1
votes

I've been dealing with very slow upload speeds from my application to S3. I have a rails application running in a single docker environment on Elastic Beanstalk and a specific bucket that stores files created by the user. Both are in the same region and availability zone. The files that are being uploaded are very small (< 1kb) text files that are taking 40 seconds on average to upload. This seems ludicrous to me considering I am not even transferring outside of the datacenter. Reading the files are near instant as is moving and deleting the files.

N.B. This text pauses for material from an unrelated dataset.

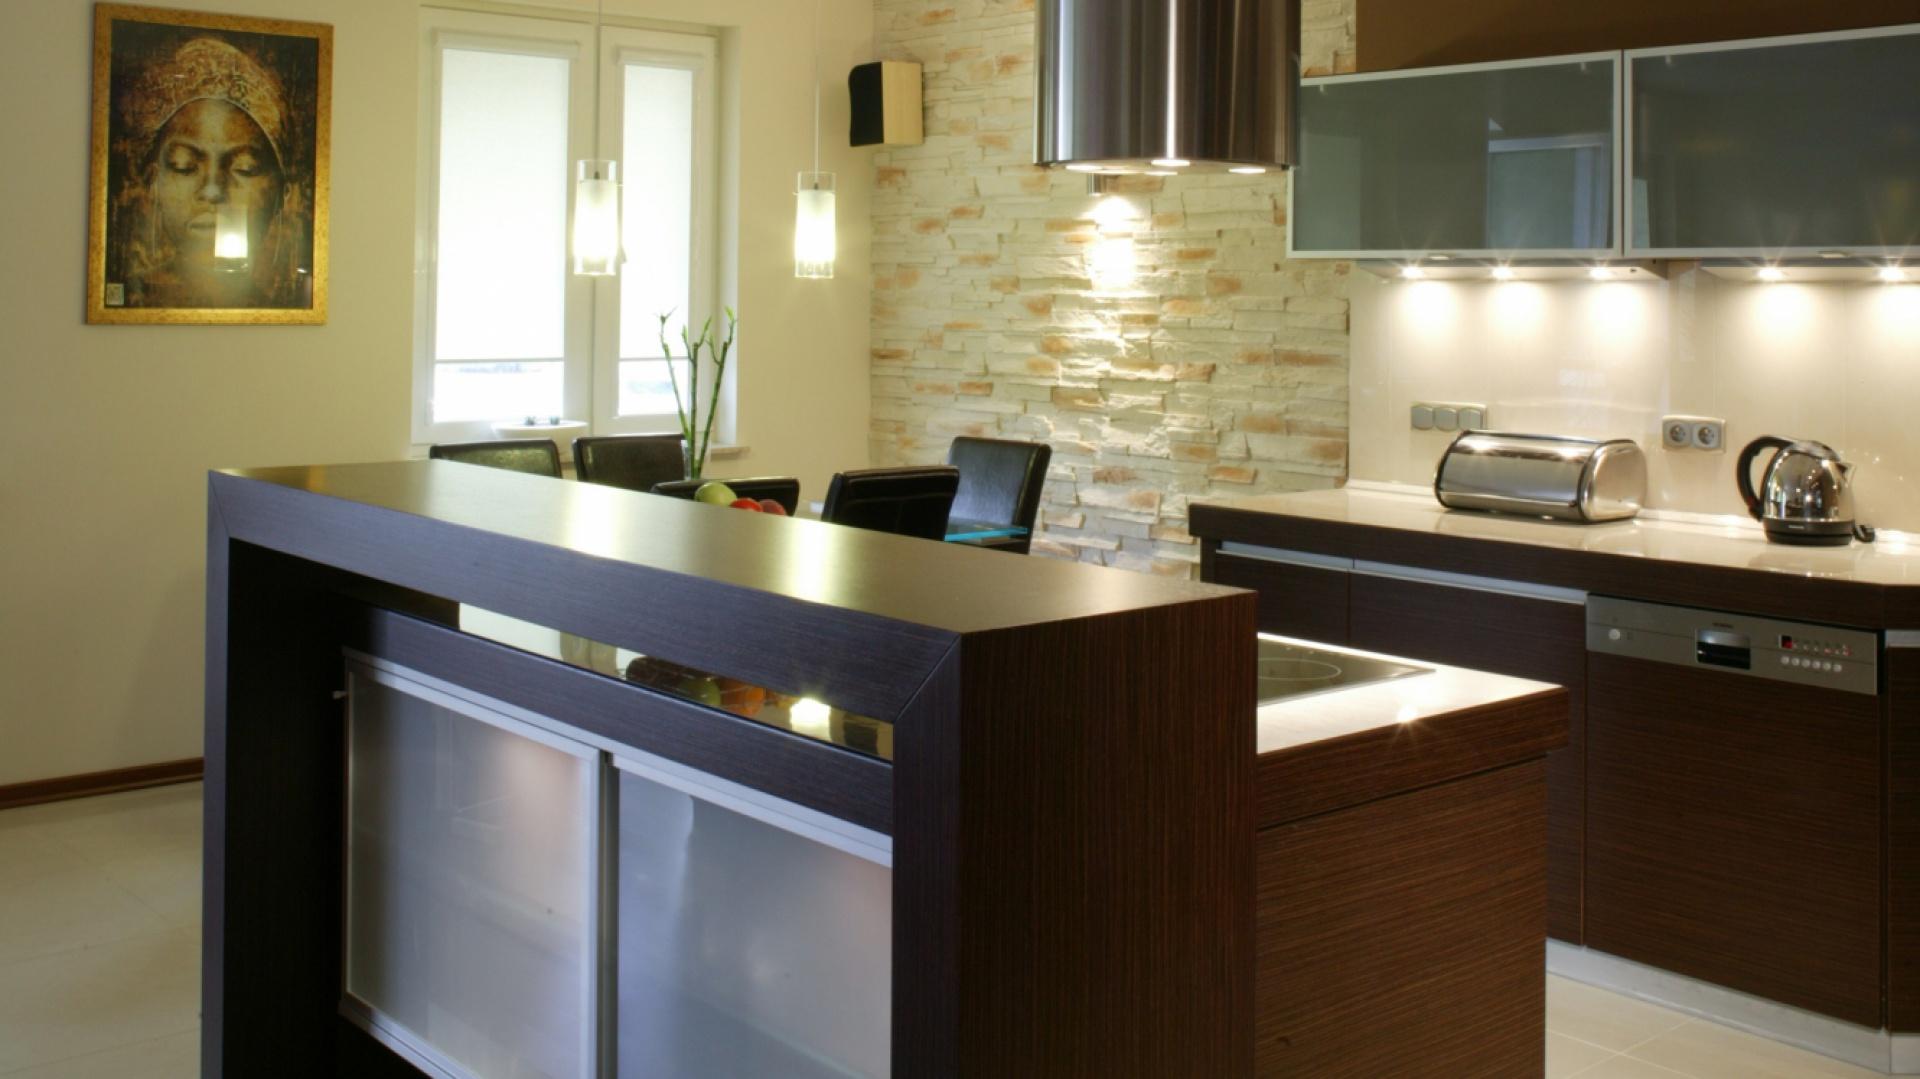 zabudowa kuchenna optycznie meble kuchenne w kolorze

Further more, 40 seconds seems to be the base amount of transfer time. I've tested this by uploading a 10 byte document and a 29kb document which both took the same amount of time.

I'm using the ruby aws-sdk to perform the upload that looks like this:

file = Tempfile.new(file_name)
file.write(@content)
key = "resources/#{file_name}"
s3 = Aws::S3::Resource.new(region: ENV["AWS_REGION"])
obj = s3.bucket(bucket_name).object(key)

logger.info "** Uploading file #{file_name} to S3"
logger.info " - File size is #{file.size} bytes"
start_time = Time.now.to_i
obj.upload_file(file)
end_time = Time.now.to_i
seconds = end_time - start_time
elapse = Time.at(seconds).utc.strftime("%H:%M:%S")
logger.info "** File upload took #{elapse} to complete"

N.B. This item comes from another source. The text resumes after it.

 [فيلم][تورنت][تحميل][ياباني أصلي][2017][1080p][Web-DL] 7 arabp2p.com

and I'm seeing output like this:

** Uploading file untitled-NUB3eAURYspbpdaBqu.md to S3
  - File size is 23 bytes
** File upload took 00:00:41 to complete

I've exhausted my research ability on this issue after reading hundreds of other posts on SO, the aws forum and others. Any insight into how I can improve this would be greatly appreciated.

Update: added that I was using a Tempfile object and not a file path string. It was not clear from my previous code example.

2
Worth enabling wire logging (wire trace) and fullest debug/verbose options for the SDK to see if that shines a light on the problem? What upload time do you see from awscli on the same client to the same bucket? - jarmod
As @jarmod mentioned, try uploading the file from the terminal using the awscli and measure the time, it may be a temporal network problem - Edgar Ortega
Interesting... When enabling the wire trace, I can see that there are two attempts to upload. The first attempt fails with 400 Bad Request <Code>RequestTimeout</Code><Message>Your socket connection to the server was not read from or written to within the timeout period. Idle connections will be closed.</Message>. The second attempt completes successfully. Everything else looks normal. - Matt Grannary
@MattGrannary The issue is reproducible only for this exact bucket? And could you update question and attach these logs if possible - Martin Zinovsky

2 Answers

2
votes

Solution Found: After trying out a few options, I've discovered that the issue was passing a File object to the upload_file() method. Even though the aws documentation says this is acceptable, my issues went away when I switched to using the file.path instead.

0
votes

That solution worked for me. Thanks so much. To get this to work I had to flush the file contents (could have called close or rewind I guess). Below is my final solution to workaround this issue. Hope it helps someone else.

file = Tempfile.new
file.write("data")
file.flush

s3_object = Aws::S3::Object.new("bucket", "key")
s3_object.upload_file(file.path)